▶ **AIM OF THE EXERCISE**
From the data below, please reproduce exactly everything from the line that contains "Vintage Inspired Farm" down to the line that contains "A good deed", with both ends included.

▶ **PROVIDED DATA**
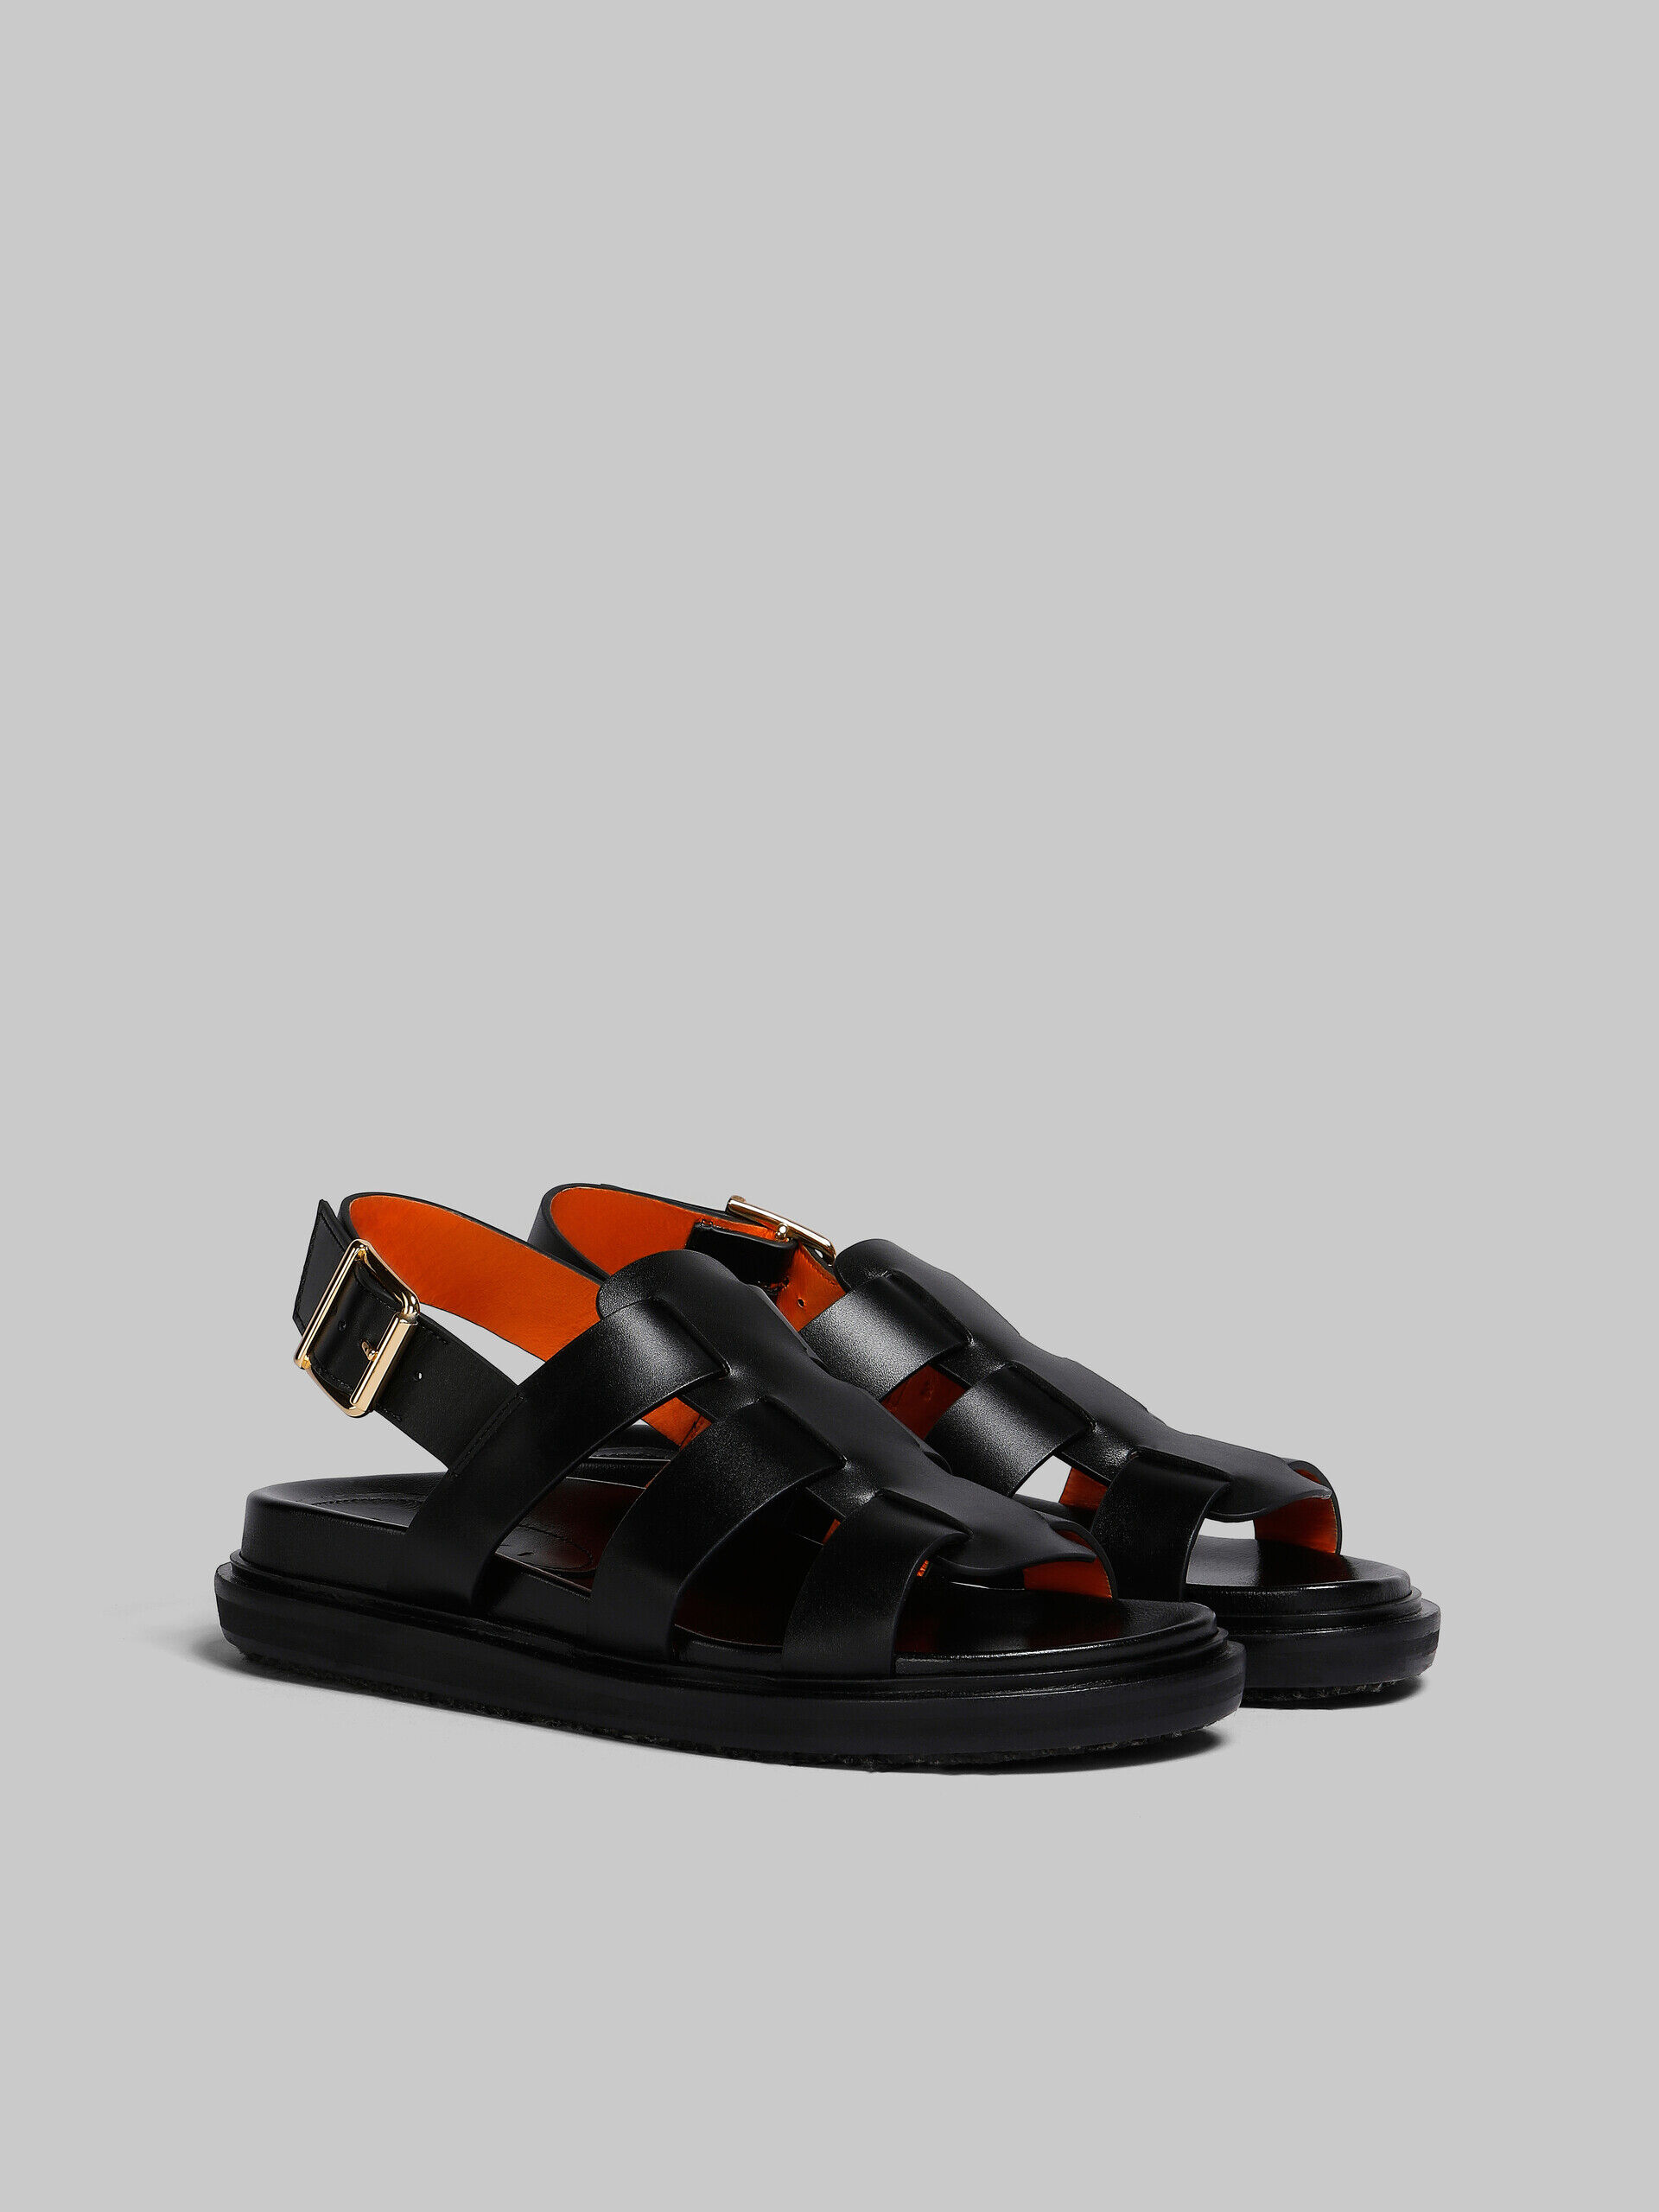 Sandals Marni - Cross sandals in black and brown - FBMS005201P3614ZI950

--

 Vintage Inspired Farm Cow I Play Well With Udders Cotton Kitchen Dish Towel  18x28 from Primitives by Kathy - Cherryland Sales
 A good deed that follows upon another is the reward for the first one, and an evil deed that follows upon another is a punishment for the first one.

==

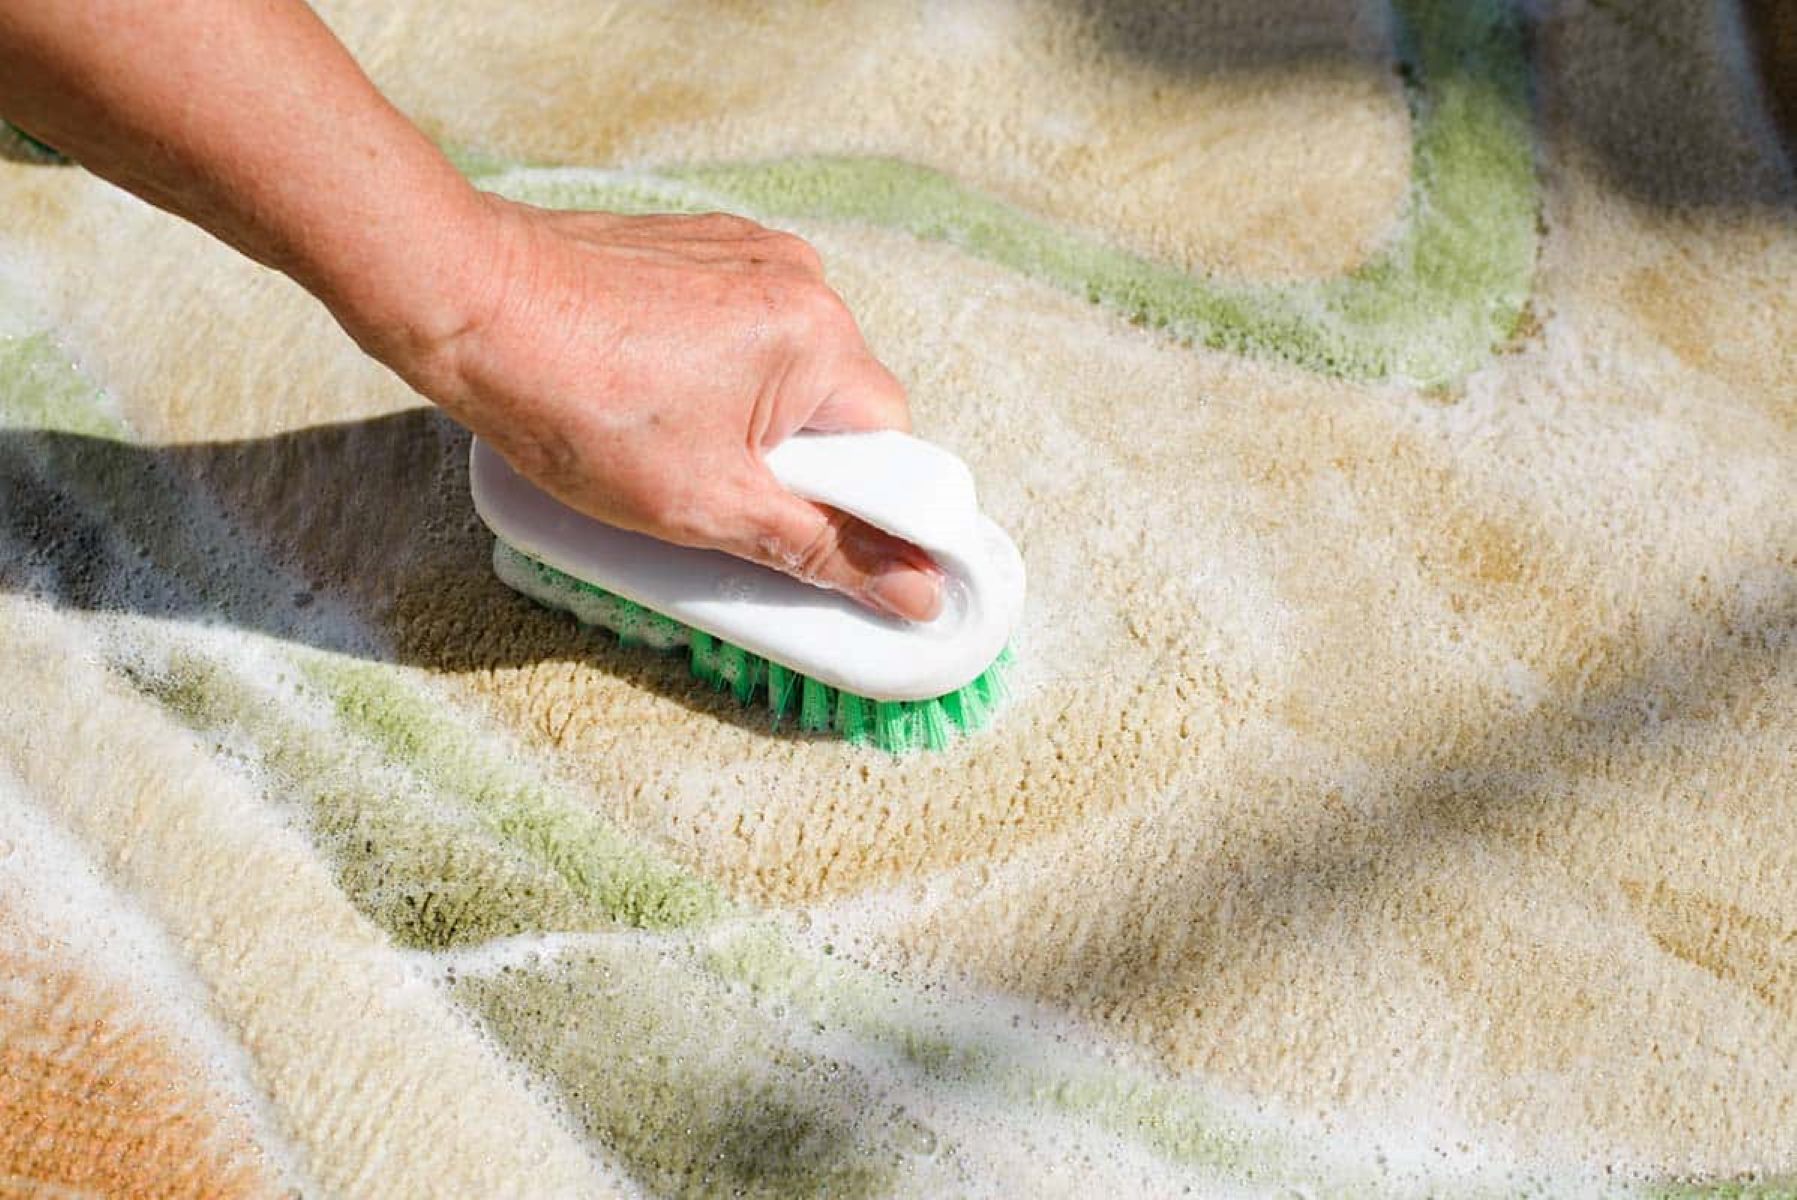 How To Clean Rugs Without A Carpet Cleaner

▶ **REPLY**
 Vintage Inspired Farm Cow I Play Well With Udders Cotton Kitchen Dish Towel  18x28 from Primitives by Kathy - Cherryland Sales
 A good deed that follows upon another is the reward for the first one, and an evil deed that follows upon another is a punishment for the first one.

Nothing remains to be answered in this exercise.